BEGIN Exercise material

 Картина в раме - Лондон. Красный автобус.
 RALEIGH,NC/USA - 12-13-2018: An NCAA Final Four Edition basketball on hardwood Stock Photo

END Exercise material
BEGIN Exercise material

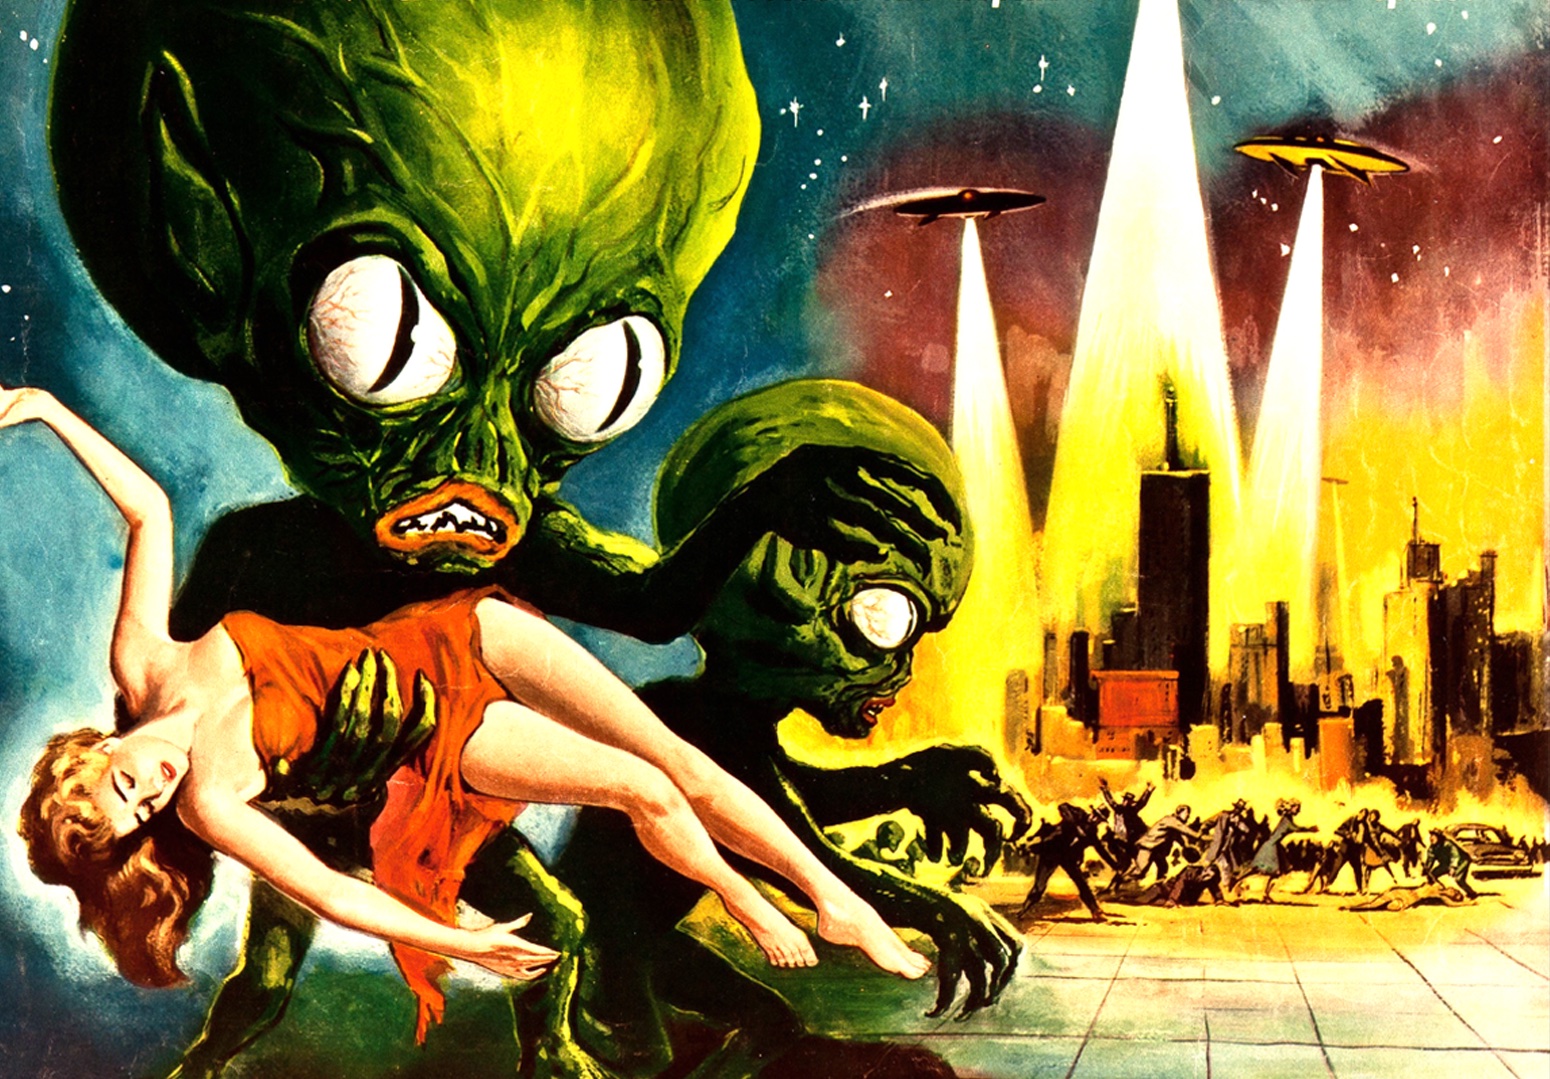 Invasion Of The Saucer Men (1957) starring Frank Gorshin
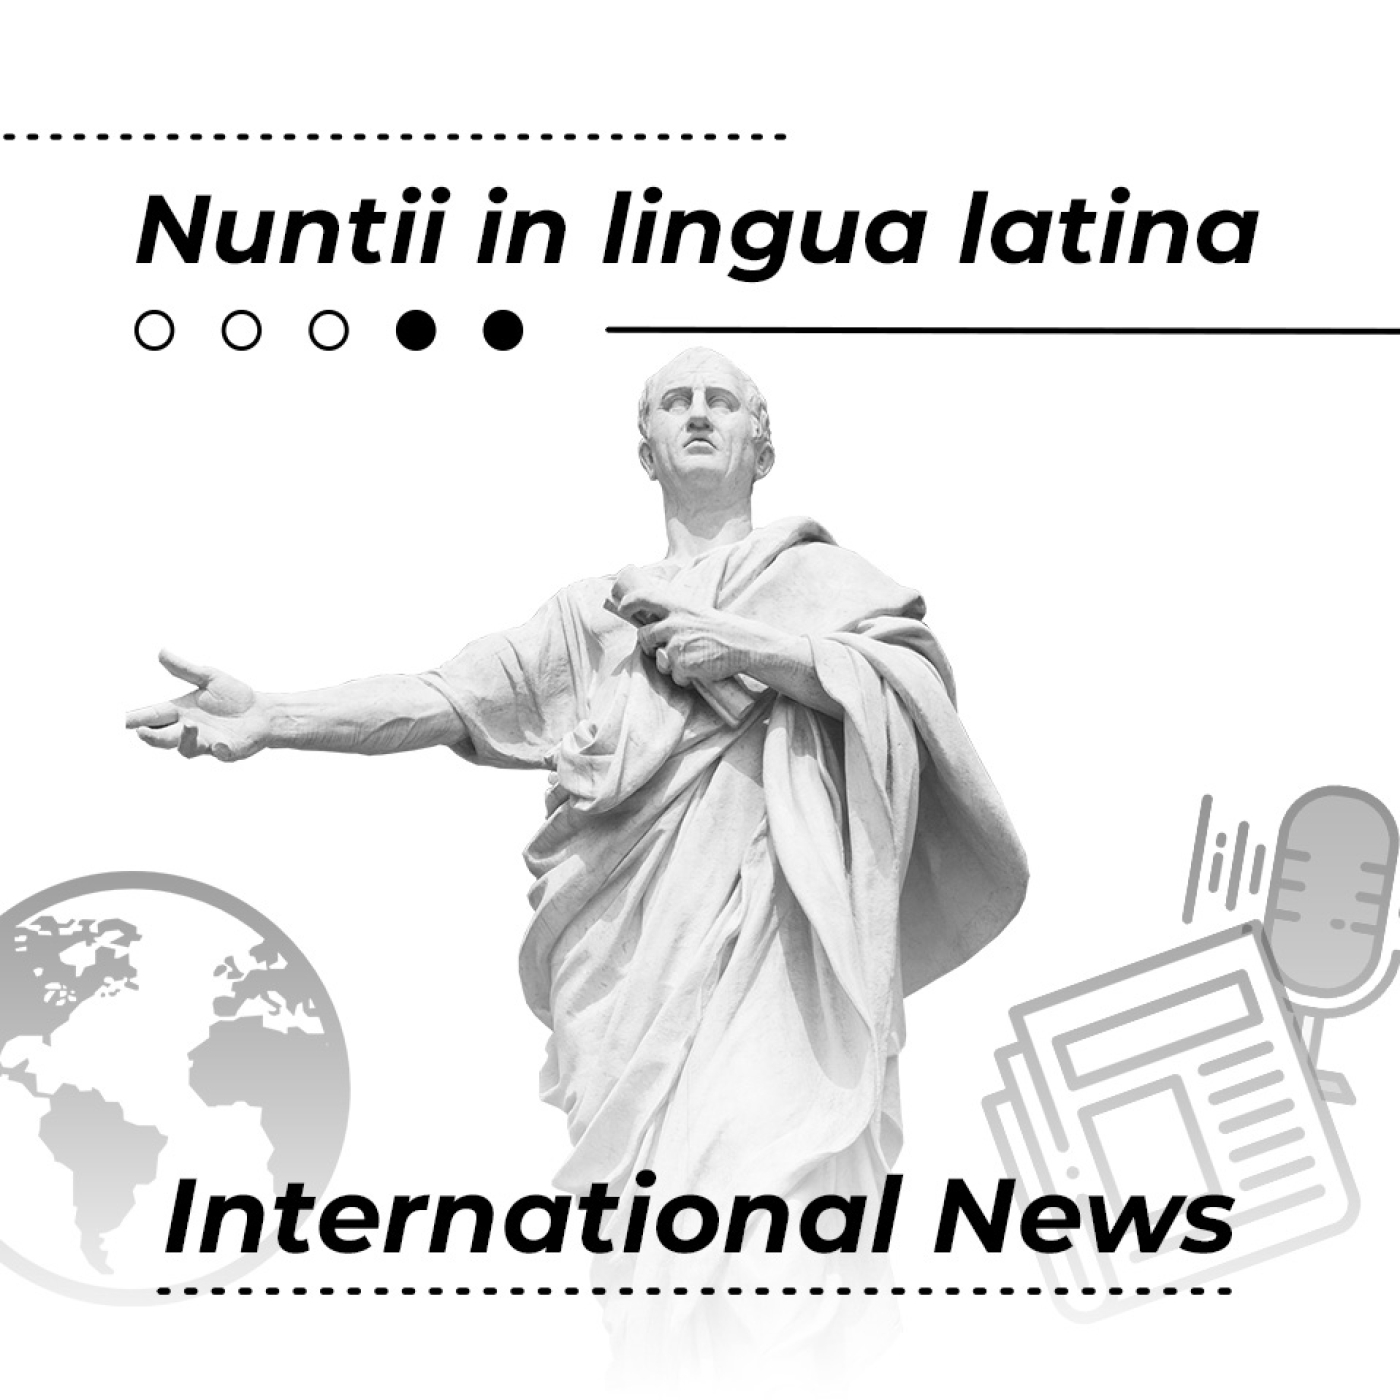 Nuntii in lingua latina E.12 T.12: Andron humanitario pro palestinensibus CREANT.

END Exercise material

*Exercise requirements:* Return exactly the lines above from the line that has "Картина в раме - Лондон. Красный автобус." through the line that has "RALEIGH,NC/USA - 12-13-2018: An", inclusive, and nothing else.

*Output of the exercise:*
 Картина в раме - Лондон. Красный автобус.
 RALEIGH,NC/USA - 12-13-2018: An NCAA Final Four Edition basketball on hardwood Stock Photo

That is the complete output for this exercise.